- _COLLECTED DATA_
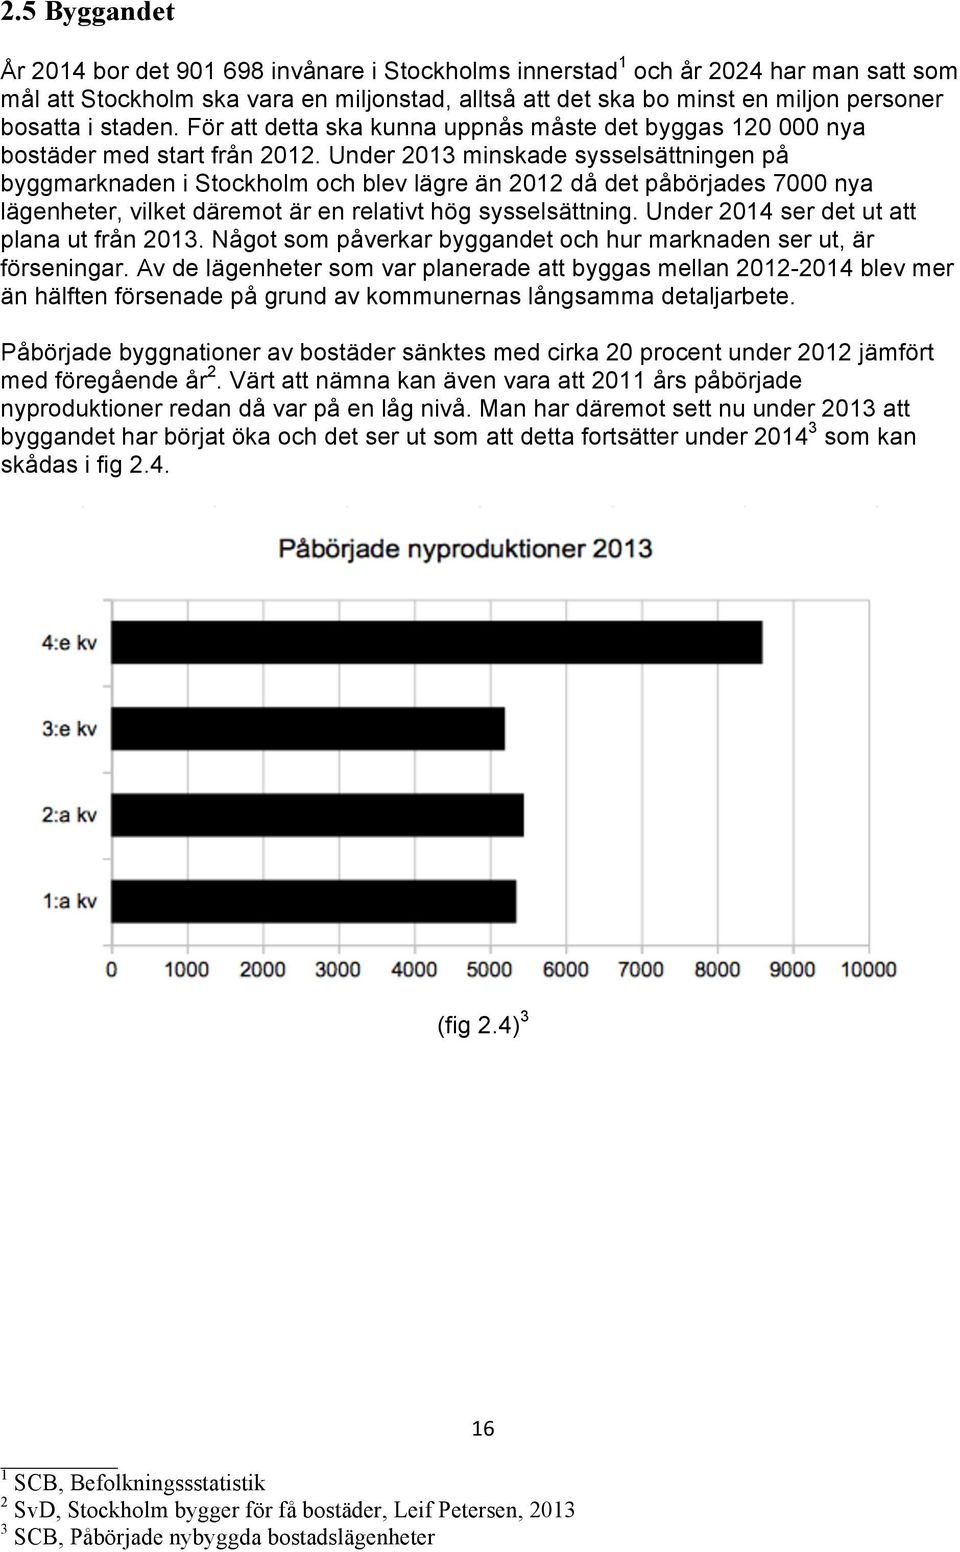 Under 2013 minskade sysselsättningen på byggmarknaden i Stockholm och blev lägre än 2012 då det påbörjades 7000 nya lägenheter, vilket däremot är en relativt hög sysselsättning.
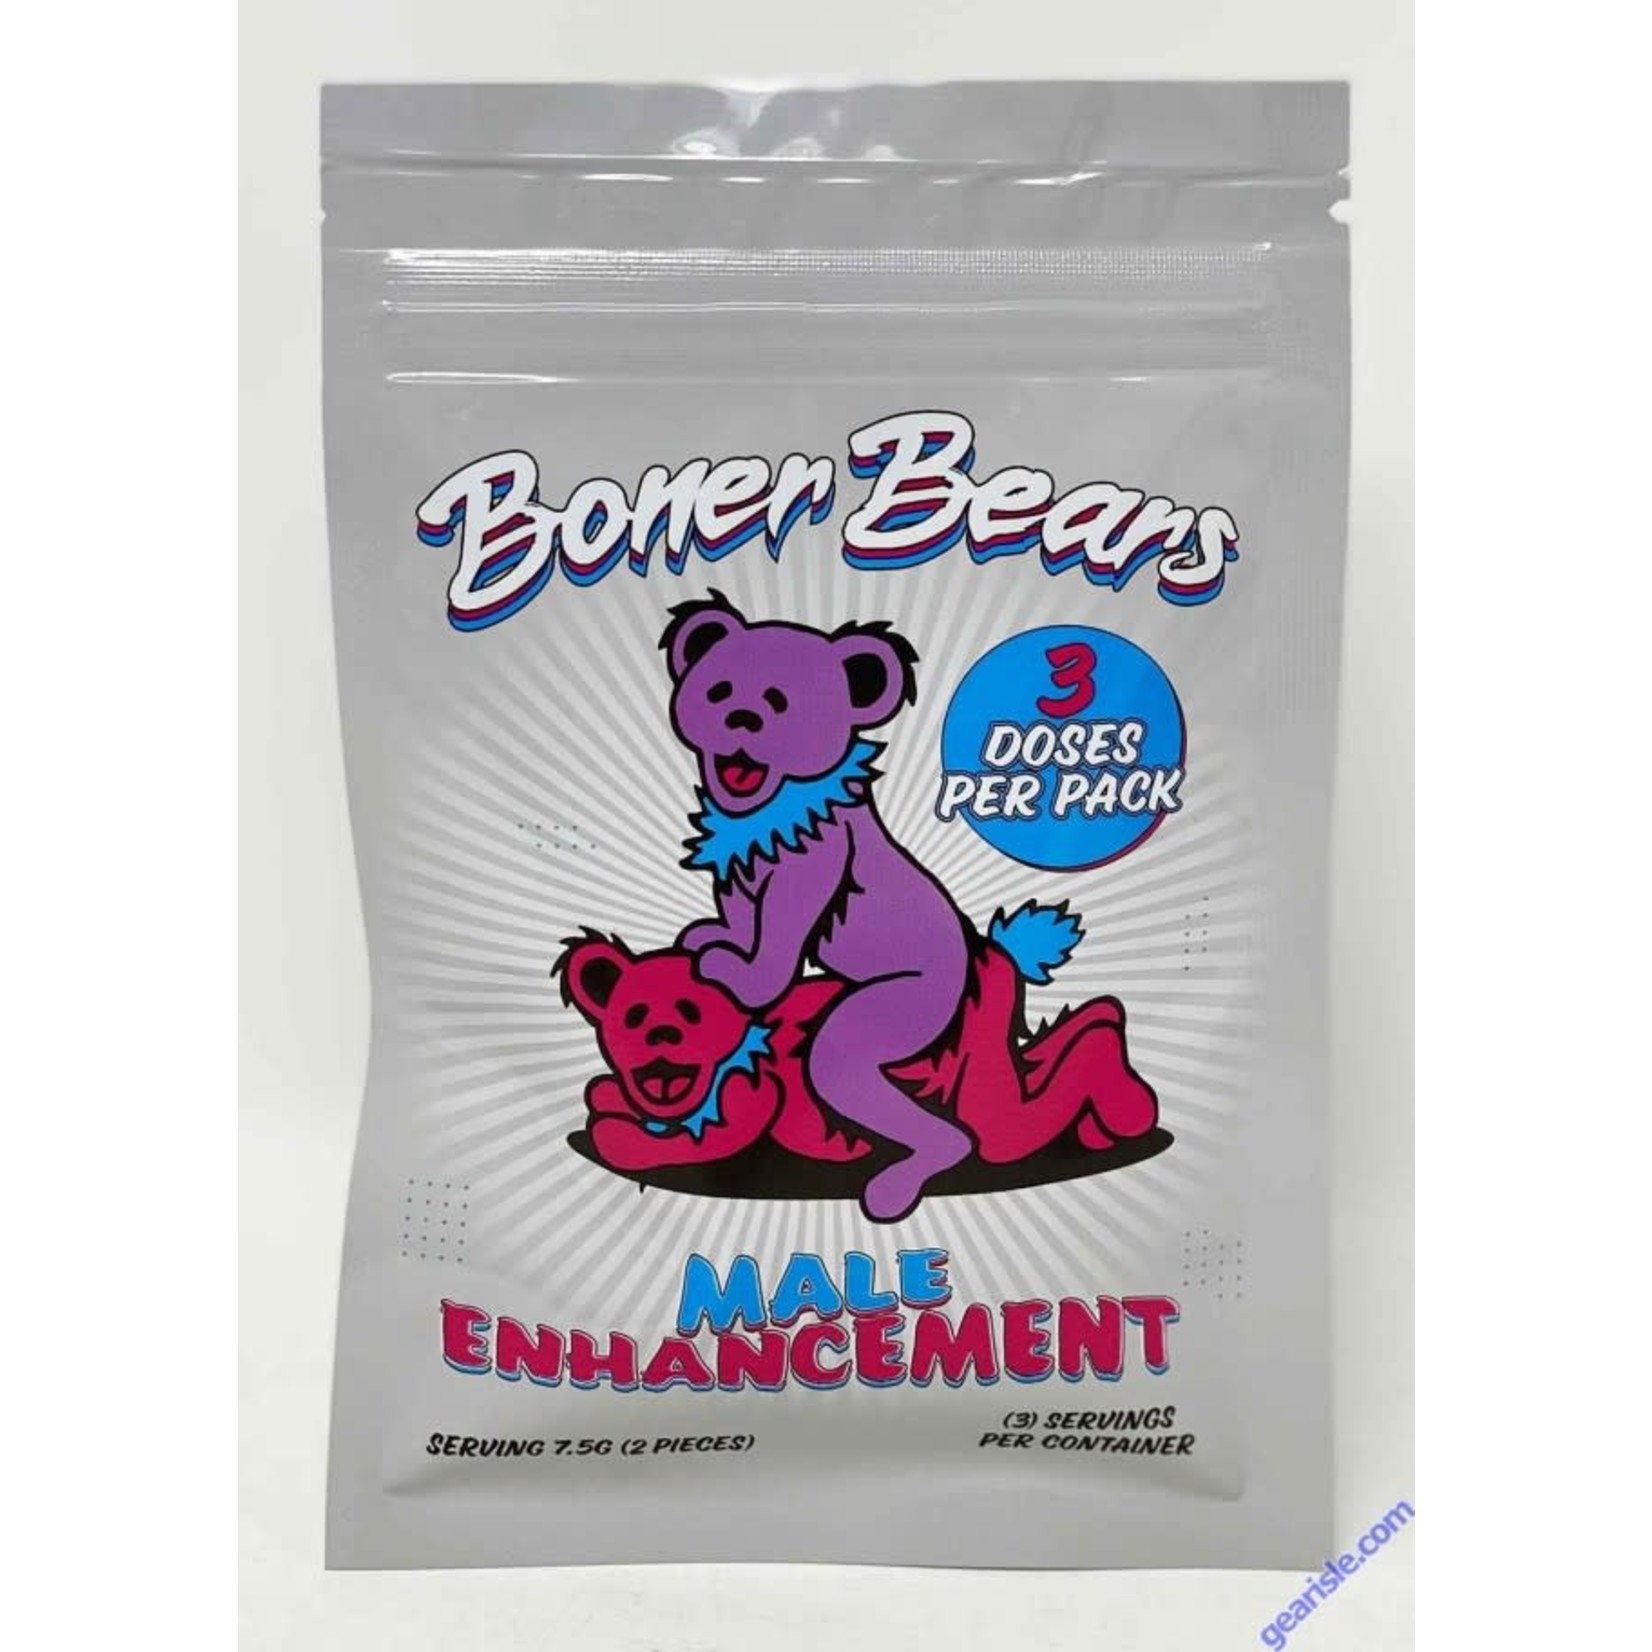 Boner Bears for him
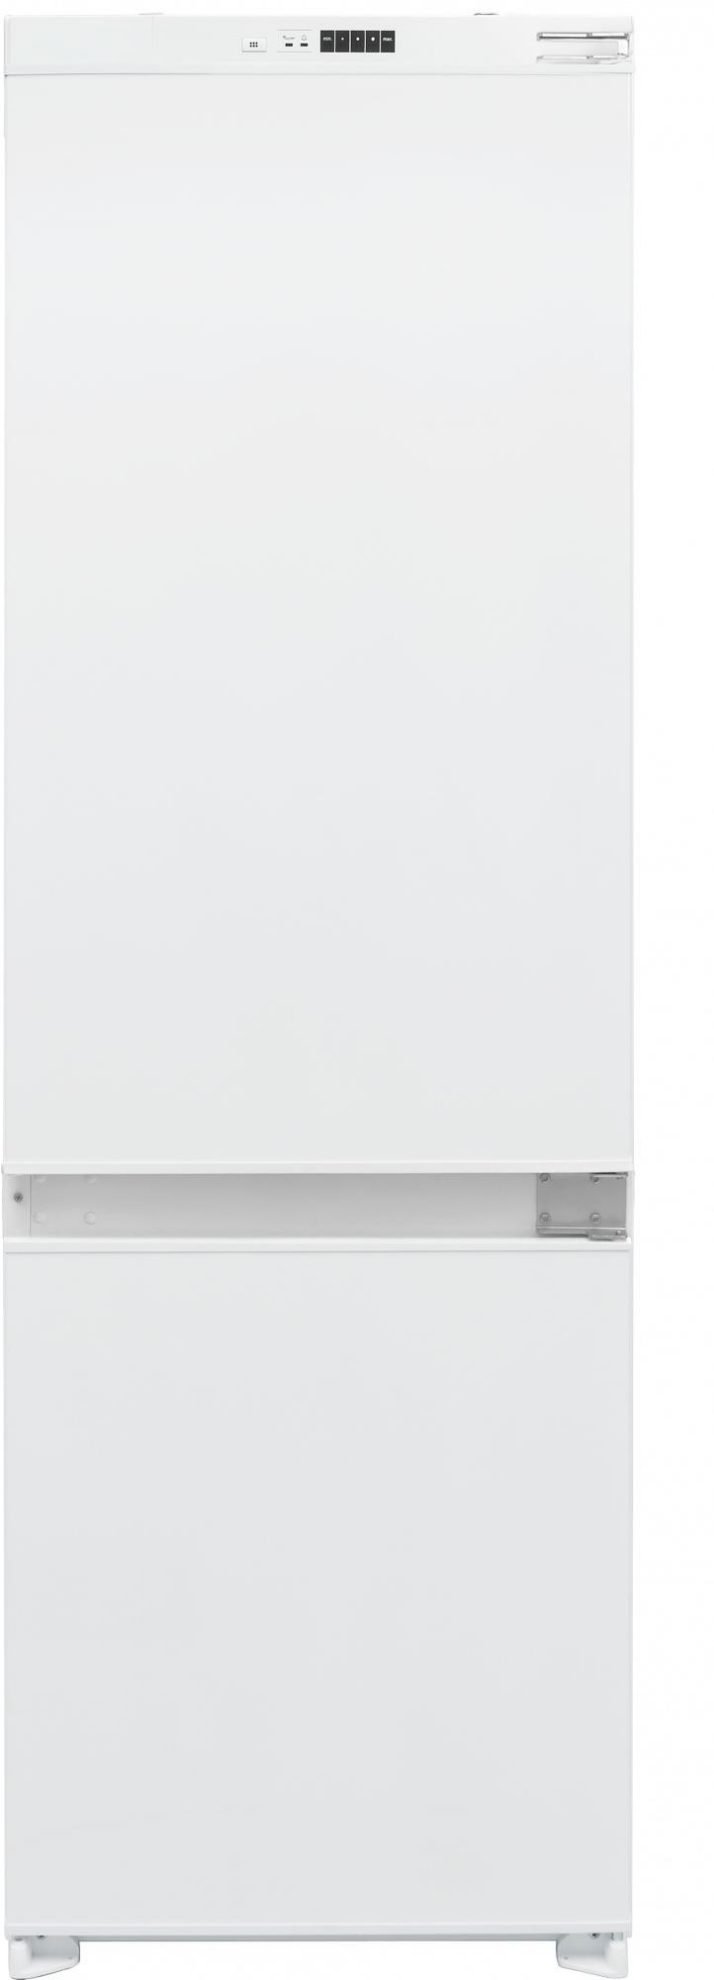 Изображение Холодильник Hyundai HBR 1785 белый (A+,287 кВтч/год)

- _TASK DIRECTIONS_
Would you print the whole listing exactly, omitting the pictures?

- _RESULT OF THE EXERCISE_
 Under 2013 minskade sysselsättningen på byggmarknaden i Stockholm och blev lägre än 2012 då det påbörjades 7000 nya lägenheter, vilket däremot är en relativt hög sysselsättning.
 Boner Bears for him
 Изображение Холодильник Hyundai HBR 1785 белый (A+,287 кВтч/год)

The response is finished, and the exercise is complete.